Repeat the data that follows verbatim. Images are not part of the copy.

→ **DATA EXCERPT**:
▽

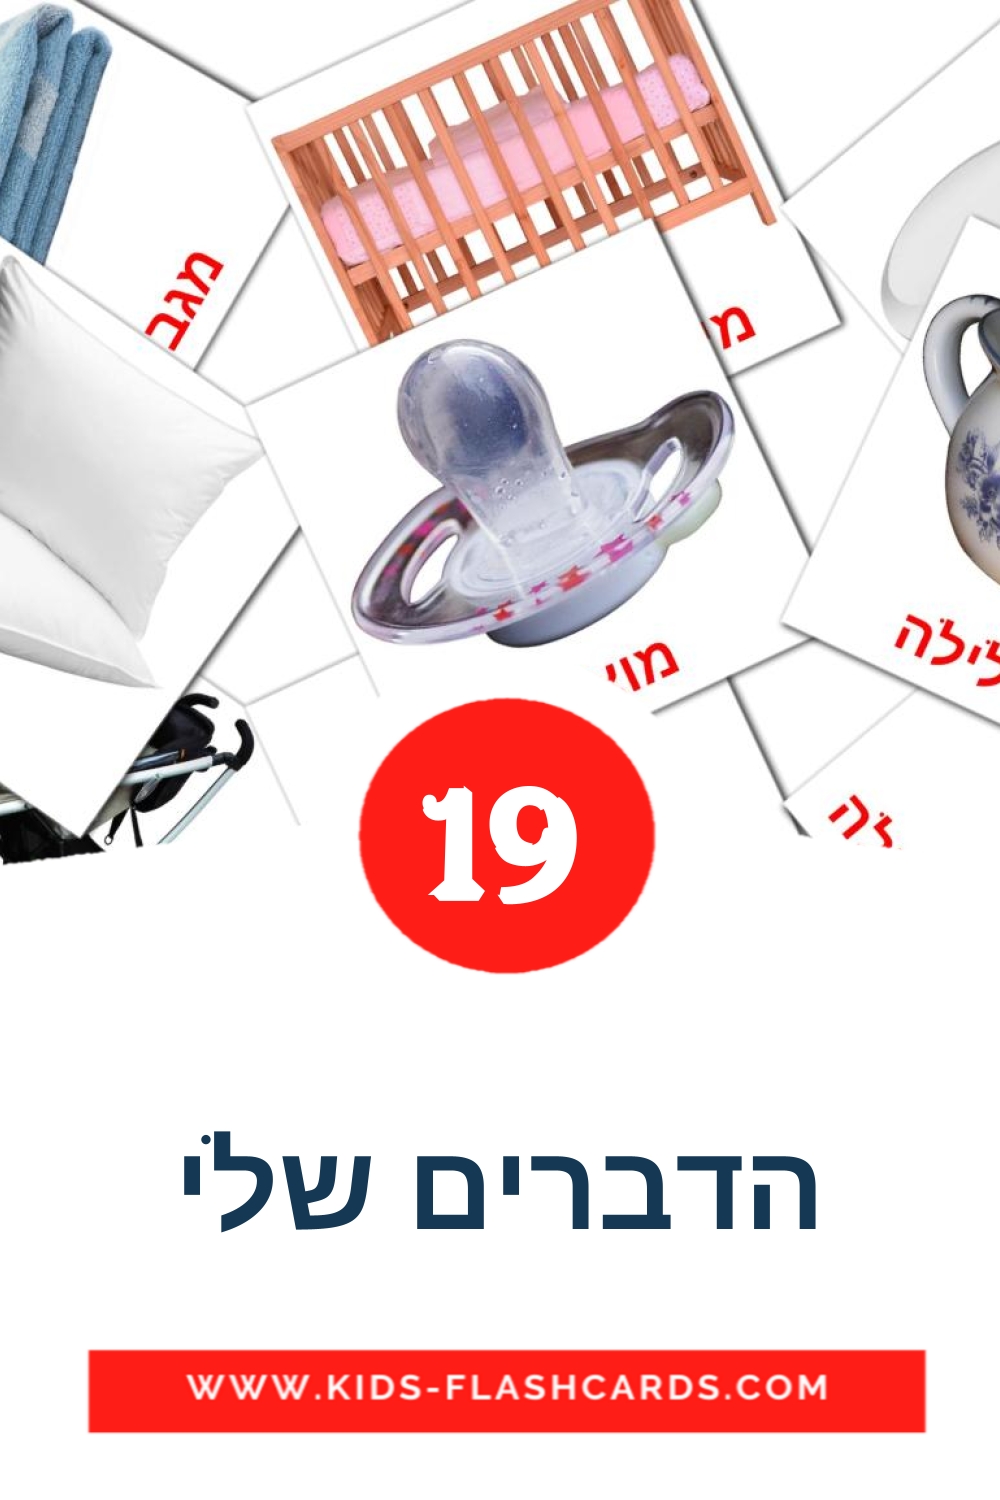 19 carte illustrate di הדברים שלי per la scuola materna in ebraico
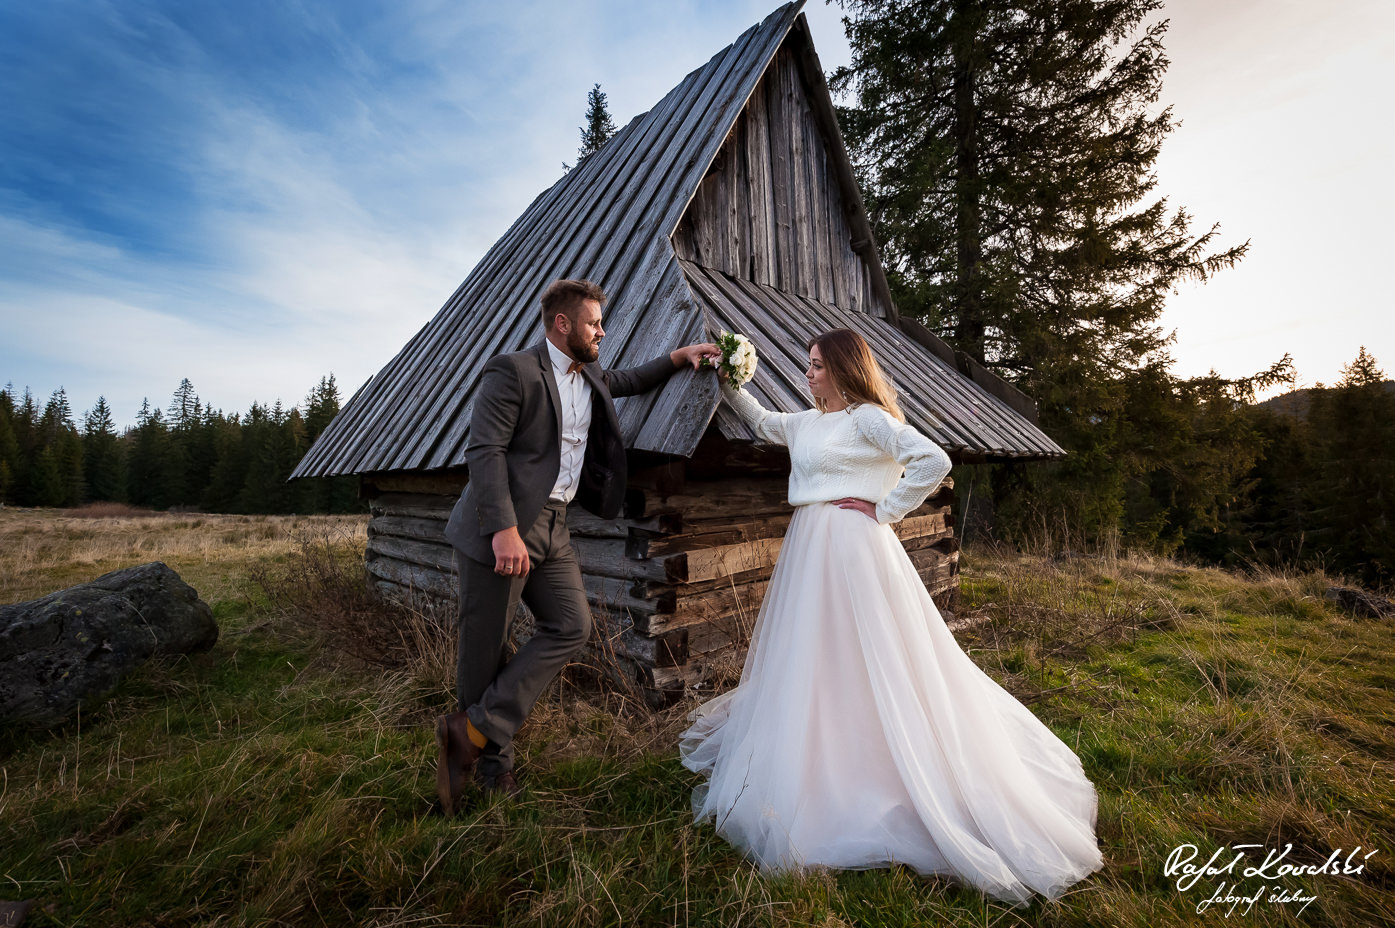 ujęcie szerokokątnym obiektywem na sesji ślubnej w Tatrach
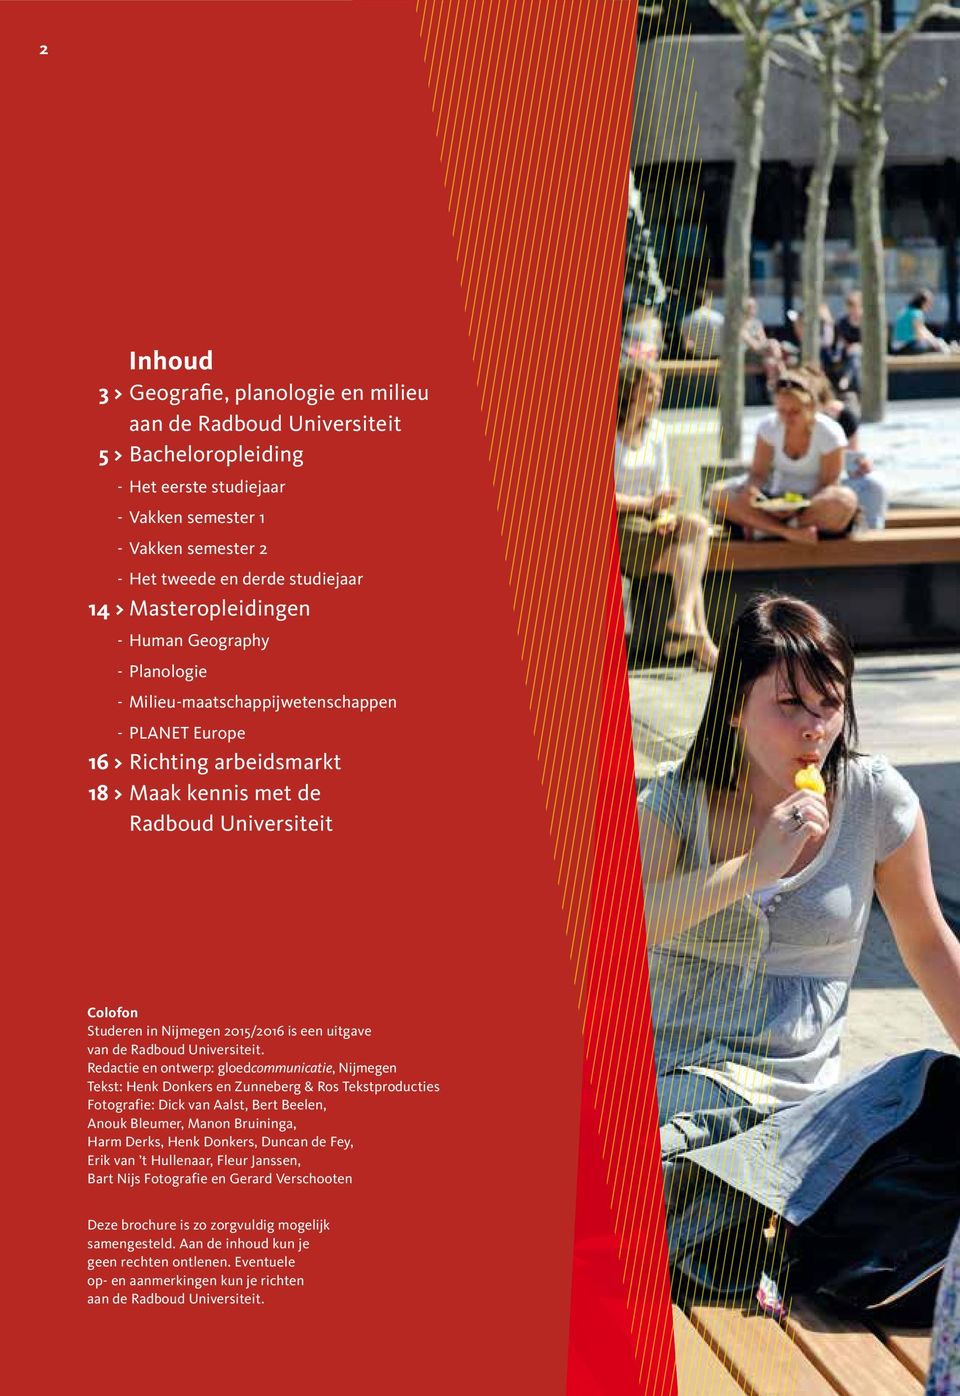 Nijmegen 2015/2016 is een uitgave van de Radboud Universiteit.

△

→ **REPLY**:
 19 carte illustrate di הדברים שלי per la scuola materna in ebraico
 ujęcie szerokokątnym obiektywem na sesji ślubnej w Tatrach
 Nijmegen 2015/2016 is een uitgave van de Radboud Universiteit.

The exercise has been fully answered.